● YOUR OBJECTIVE
What you write should be an exact repeat of the lines from the one with "Steven Galton in" through the final line below, minus the pictures.

● SOURCE MATERIAL
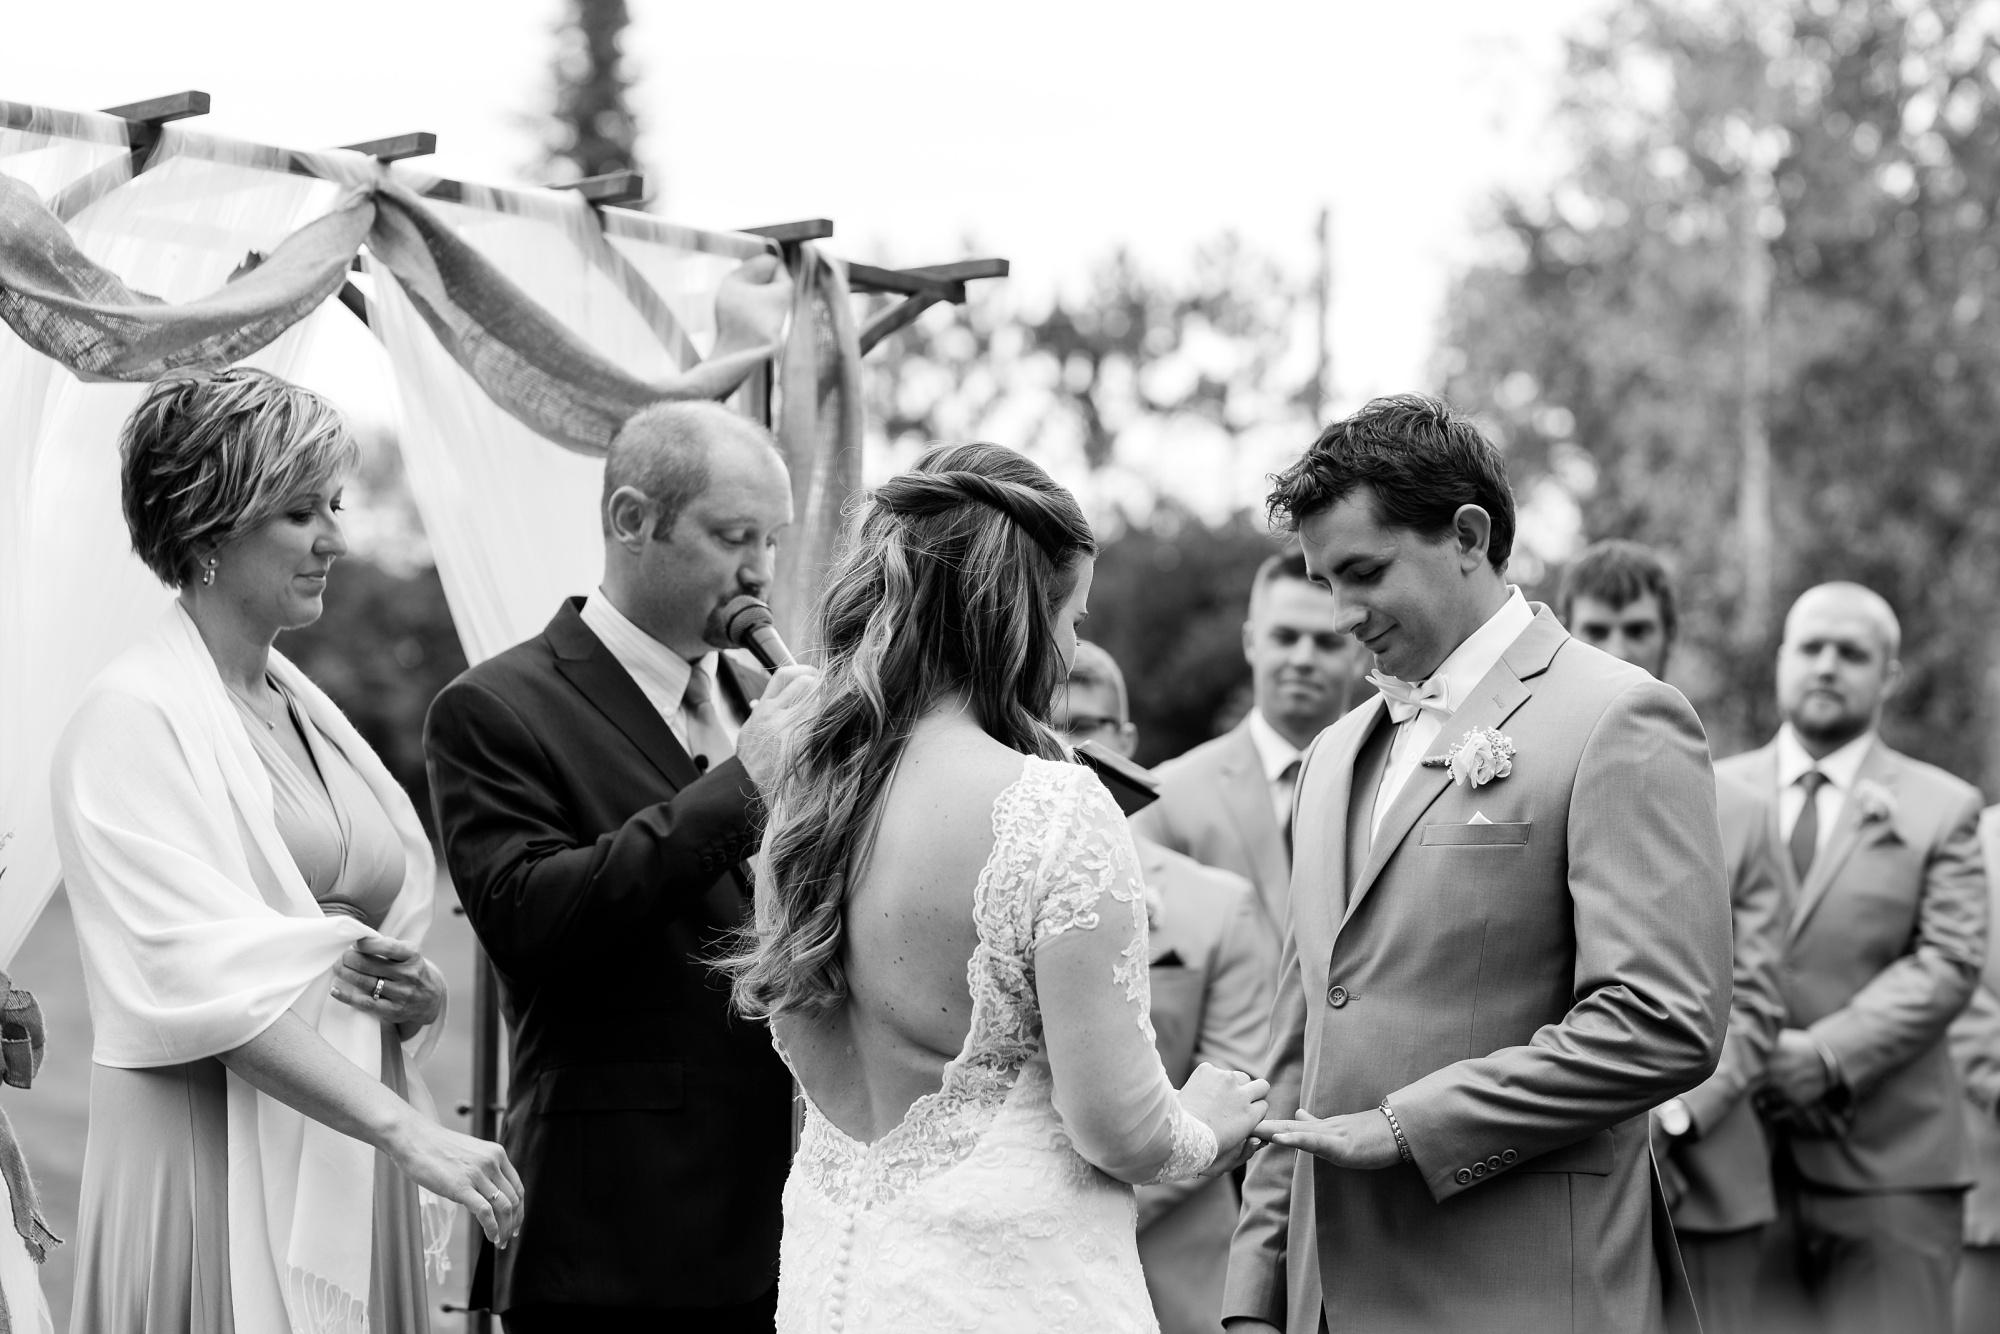 AmberLangerudPhotography_Fair Hills Resort Lakeside Wedding in Minnesota_3467.jpg
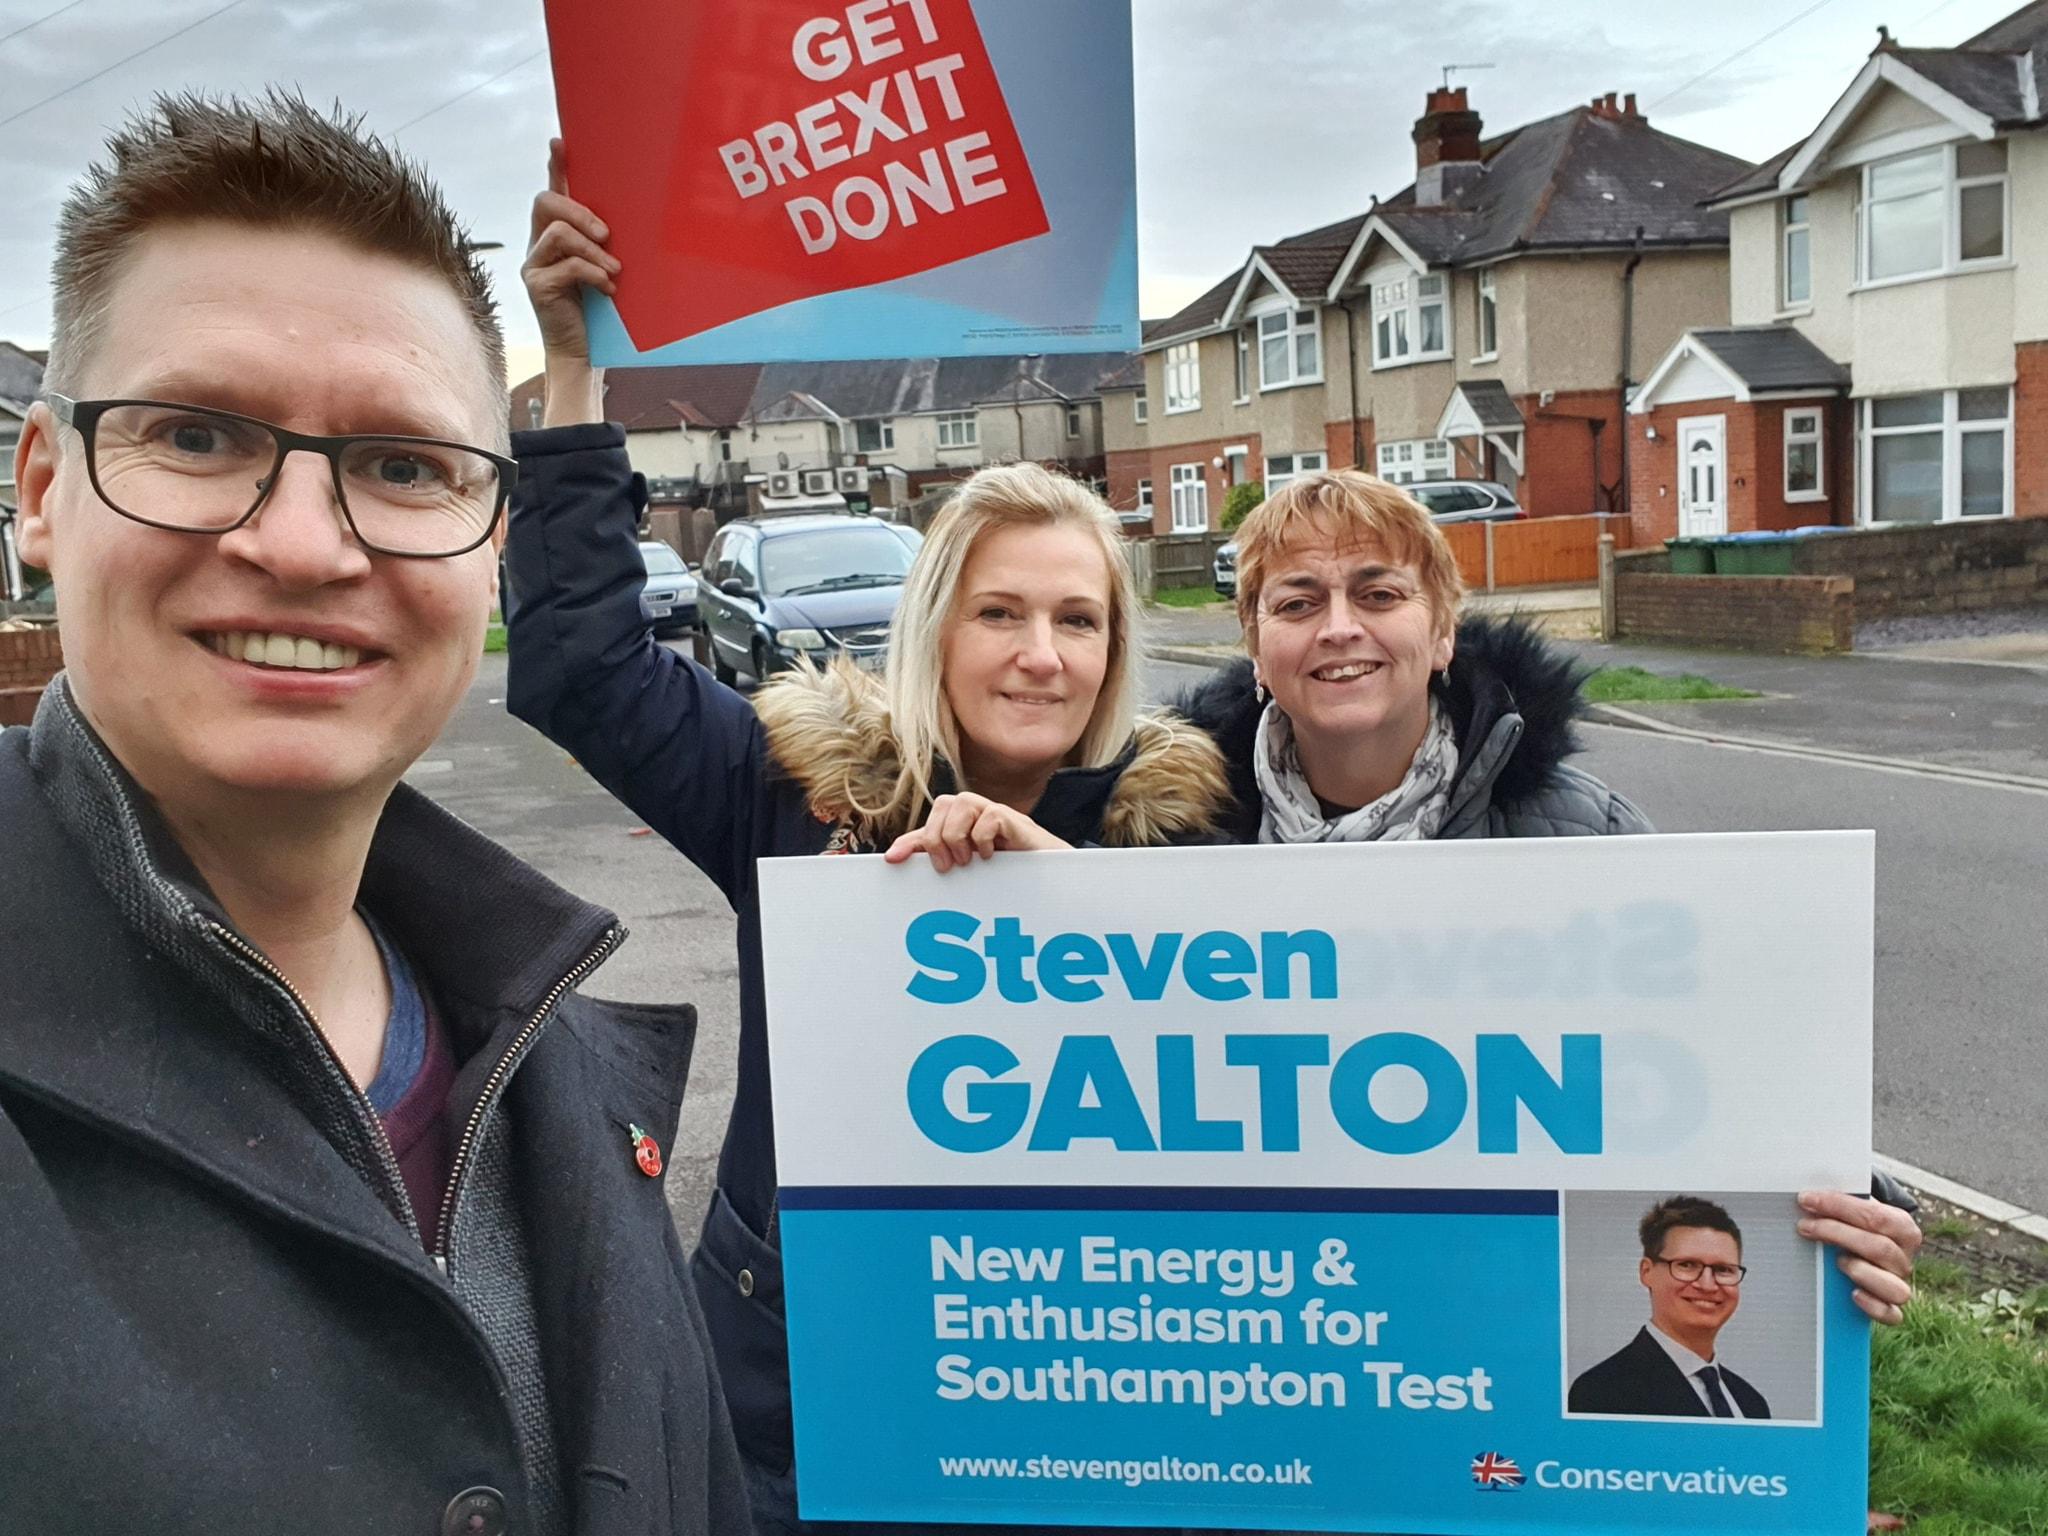 Steven Galton in Redbridge Ward, Southampton Test
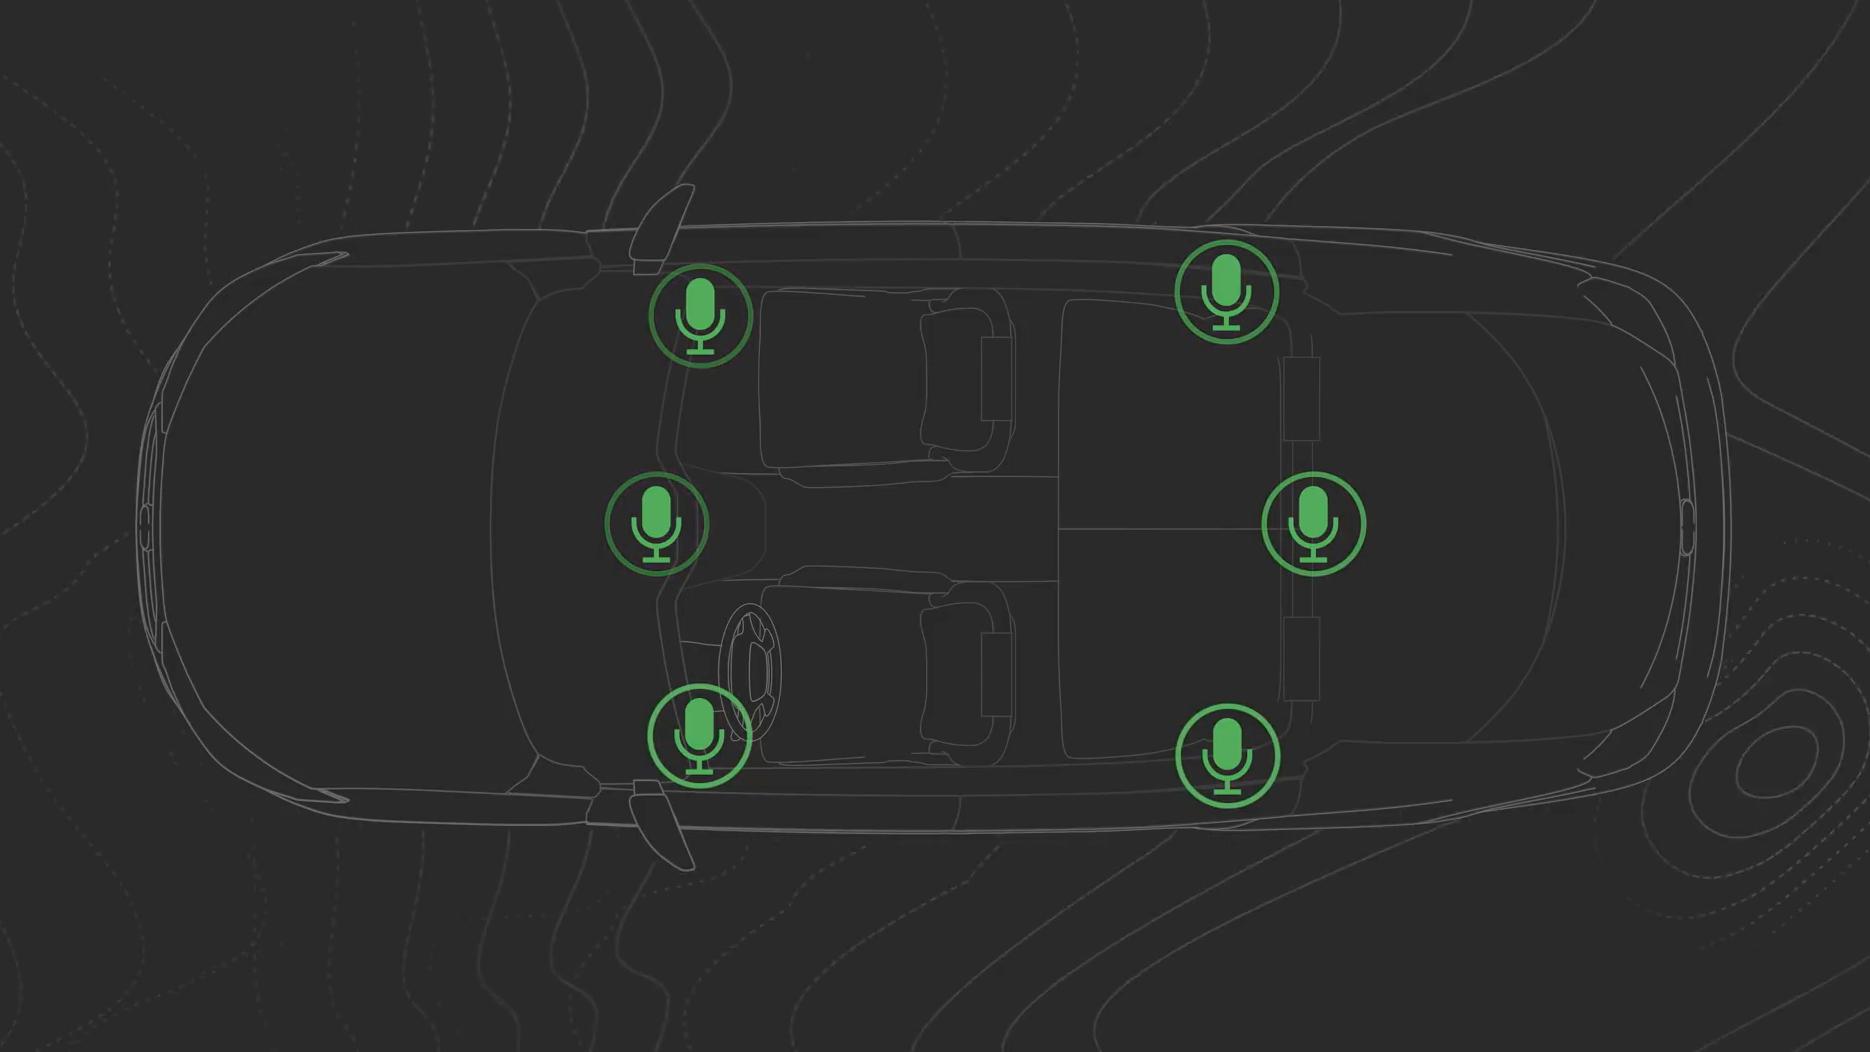 Bose QuietComfort Road Noise Control CES 2019 16x9

● EXERCISE RESULT
 Steven Galton in Redbridge Ward, Southampton Test
 Bose QuietComfort Road Noise Control CES 2019 16x9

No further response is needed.